= Dataset entries =
• • • • • • •
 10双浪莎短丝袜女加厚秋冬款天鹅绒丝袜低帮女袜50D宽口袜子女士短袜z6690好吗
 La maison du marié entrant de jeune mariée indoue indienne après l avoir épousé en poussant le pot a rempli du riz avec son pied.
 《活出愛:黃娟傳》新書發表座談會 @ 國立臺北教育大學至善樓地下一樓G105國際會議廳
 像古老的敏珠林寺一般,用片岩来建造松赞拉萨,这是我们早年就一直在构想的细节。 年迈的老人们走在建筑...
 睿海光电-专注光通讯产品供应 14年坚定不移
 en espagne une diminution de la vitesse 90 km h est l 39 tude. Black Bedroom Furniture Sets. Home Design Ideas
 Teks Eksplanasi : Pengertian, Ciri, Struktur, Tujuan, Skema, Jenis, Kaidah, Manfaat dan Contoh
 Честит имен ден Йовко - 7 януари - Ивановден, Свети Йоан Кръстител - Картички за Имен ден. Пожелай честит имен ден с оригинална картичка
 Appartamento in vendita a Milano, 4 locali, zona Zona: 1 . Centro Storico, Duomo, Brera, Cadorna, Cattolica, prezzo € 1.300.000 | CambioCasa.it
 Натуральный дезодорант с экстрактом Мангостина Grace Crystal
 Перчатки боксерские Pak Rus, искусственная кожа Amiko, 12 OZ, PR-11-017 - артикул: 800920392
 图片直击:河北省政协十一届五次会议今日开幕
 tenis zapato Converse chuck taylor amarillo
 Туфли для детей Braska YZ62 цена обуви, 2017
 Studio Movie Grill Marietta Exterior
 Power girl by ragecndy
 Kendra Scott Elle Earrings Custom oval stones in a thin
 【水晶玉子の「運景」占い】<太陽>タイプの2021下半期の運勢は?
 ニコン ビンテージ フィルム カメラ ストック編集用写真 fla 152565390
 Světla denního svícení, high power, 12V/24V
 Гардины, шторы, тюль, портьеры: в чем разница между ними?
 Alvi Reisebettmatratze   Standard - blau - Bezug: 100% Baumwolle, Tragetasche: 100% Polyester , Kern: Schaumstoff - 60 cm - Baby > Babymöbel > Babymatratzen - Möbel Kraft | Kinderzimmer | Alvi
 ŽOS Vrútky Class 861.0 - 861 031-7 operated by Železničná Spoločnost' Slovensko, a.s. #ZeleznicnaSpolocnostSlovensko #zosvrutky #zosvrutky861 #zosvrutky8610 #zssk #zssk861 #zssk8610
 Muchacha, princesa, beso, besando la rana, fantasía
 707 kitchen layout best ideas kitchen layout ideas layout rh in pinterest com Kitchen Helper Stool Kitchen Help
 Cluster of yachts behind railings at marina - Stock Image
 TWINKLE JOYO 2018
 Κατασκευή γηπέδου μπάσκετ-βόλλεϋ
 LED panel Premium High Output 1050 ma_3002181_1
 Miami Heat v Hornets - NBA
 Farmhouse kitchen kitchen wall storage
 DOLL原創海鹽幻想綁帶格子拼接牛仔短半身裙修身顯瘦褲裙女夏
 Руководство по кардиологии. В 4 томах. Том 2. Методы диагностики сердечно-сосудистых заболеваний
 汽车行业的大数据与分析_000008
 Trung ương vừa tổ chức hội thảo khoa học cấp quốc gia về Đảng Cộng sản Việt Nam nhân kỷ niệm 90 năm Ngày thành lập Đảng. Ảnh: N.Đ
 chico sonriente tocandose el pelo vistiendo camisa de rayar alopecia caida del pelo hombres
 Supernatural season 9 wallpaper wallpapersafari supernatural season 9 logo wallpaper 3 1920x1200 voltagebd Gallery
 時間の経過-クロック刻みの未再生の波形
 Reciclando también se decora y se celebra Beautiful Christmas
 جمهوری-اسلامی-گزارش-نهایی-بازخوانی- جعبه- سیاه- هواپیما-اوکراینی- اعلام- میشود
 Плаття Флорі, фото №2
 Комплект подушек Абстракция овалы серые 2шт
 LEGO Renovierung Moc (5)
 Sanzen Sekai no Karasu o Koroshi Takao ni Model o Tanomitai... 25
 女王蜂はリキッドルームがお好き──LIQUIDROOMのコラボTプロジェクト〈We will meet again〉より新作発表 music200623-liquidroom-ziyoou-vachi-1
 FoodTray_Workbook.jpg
• • • • • • •
In exact wording, restate the lines of the data above from the first through the one holding "像古老的敏珠林寺一般,用片岩", and stop after that line.

= Expected answer =
 10双浪莎短丝袜女加厚秋冬款天鹅绒丝袜低帮女袜50D宽口袜子女士短袜z6690好吗
 La maison du marié entrant de jeune mariée indoue indienne après l avoir épousé en poussant le pot a rempli du riz avec son pied.
 《活出愛:黃娟傳》新書發表座談會 @ 國立臺北教育大學至善樓地下一樓G105國際會議廳
 像古老的敏珠林寺一般,用片岩来建造松赞拉萨,这是我们早年就一直在构想的细节。 年迈的老人们走在建筑...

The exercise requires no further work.